The Simple Rating System is a many-splendored thing, but a known bug of the process is that huge outlier scoring margins can have undue influence on the rankings. Take the 2009 NFL season, for instance, during which the Patriots led the NFL in SRS in no small part because they annihilated the Titans 59-0 in a snowy October game that tied for the second-most lopsided margin of victory in NFL history. Outside of that single game, the Patriots’ PPG margin was +5.2, which wouldn’t have even ranked among the league’s top ten teams, but the SRS (particularly because it minimizes squared prediction errors between actual outcomes and those expected from team ratings) gave the 59-0 win a lot of weight, enough to propel New England to the #1 ranking. (A placement that looked downright laughable, I might add, when the Pats were crushed at home by Baltimore on Wild Card Weekend.)

One solution that is commonly proposed for this problem is to cap the margin of victory in a given game at a certain fixed number. This is especially popular in college football (in fact, Chase sort of uses a cap in his college SRS variant) because nonconference schedules will often see matchups between teams of incredibly disparate talent levels, games in which the powerhouse team can essentially choose the margin by which they want to steamroll their opponent. Within that context, it doesn’t really matter whether Florida State beats Idaho by 46 or by 66, because there’s a 0% chance Idaho is a better team than FSU — no new information is conveyed when they pile more and more points onto the game’s margin.

But what’s the right number to cap margin of victory at in the NFL? These are all professional teams, after all, so there’s plenty of evidence that in the NFL, blowing opponents out — even when they’re bad teams — says a lot about how good you are. Where do we draw the line, then, to find the point at which a team has clearly proven they’re better than the opponent, beyond which any extra MOV stops giving us information?
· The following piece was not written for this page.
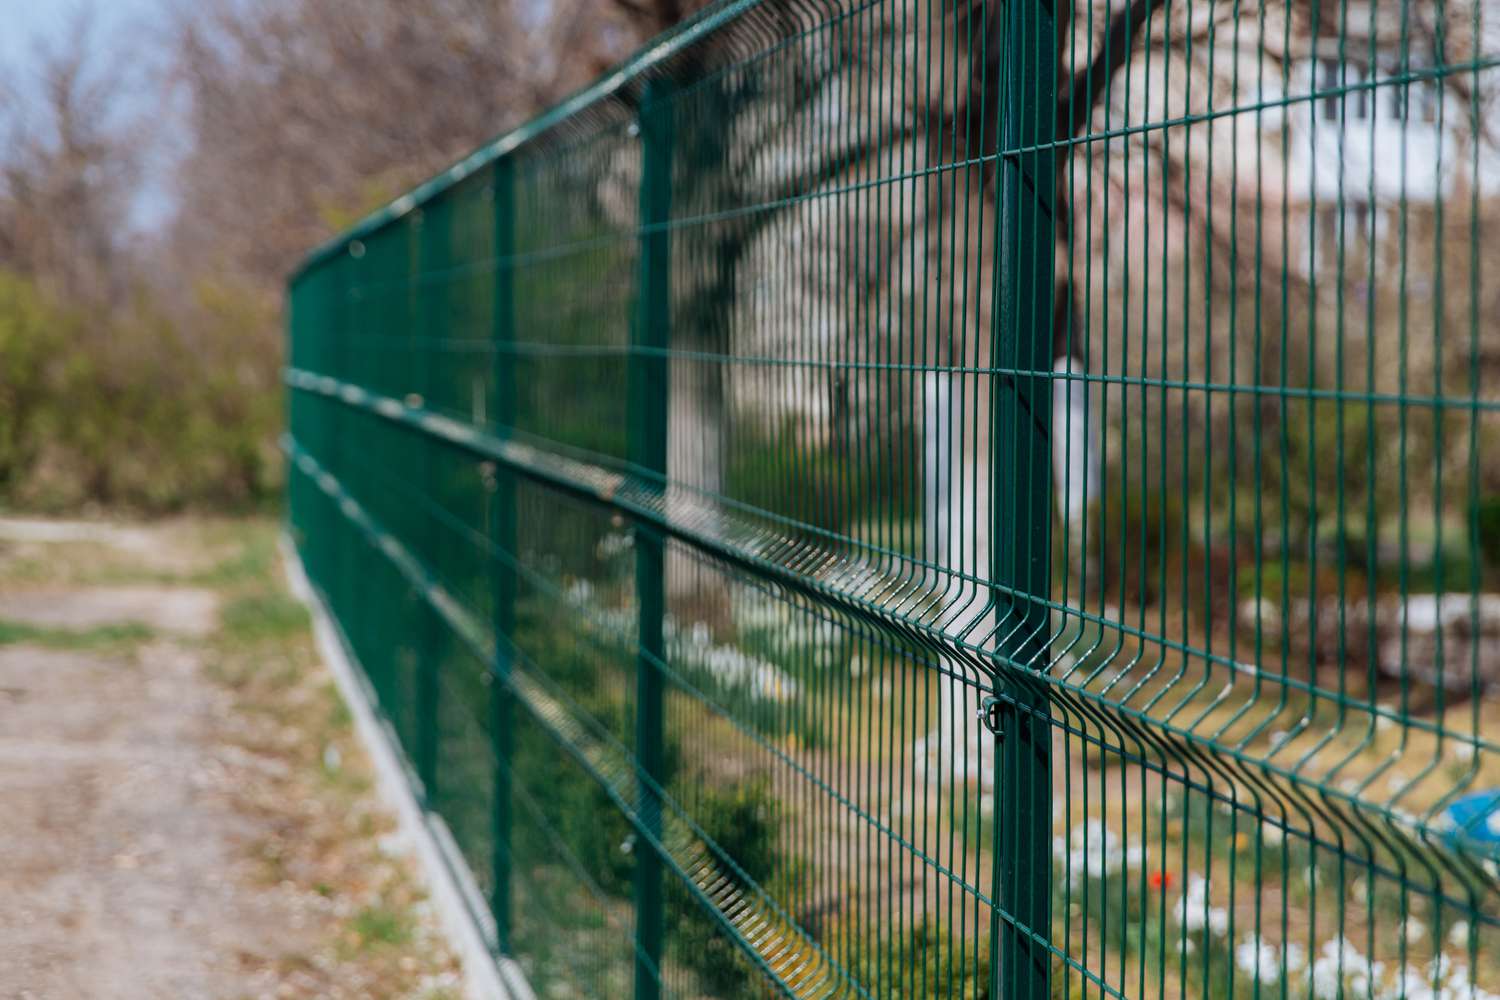 Medium-Range Security Fence

This is far from the definitive answer, but here goes… I looked at real-life SRS ratings for every team since the NFL expanded to 32 teams in 2002. The average was (obviously) 0.0, with a standard deviation of 6.4. I also looked at game predictions using SRS over that span; the error in the scoring margin of a given game between what actually happened and what SRS would have predicted had a standard deviation of 12.1, centered around an average of 0.0.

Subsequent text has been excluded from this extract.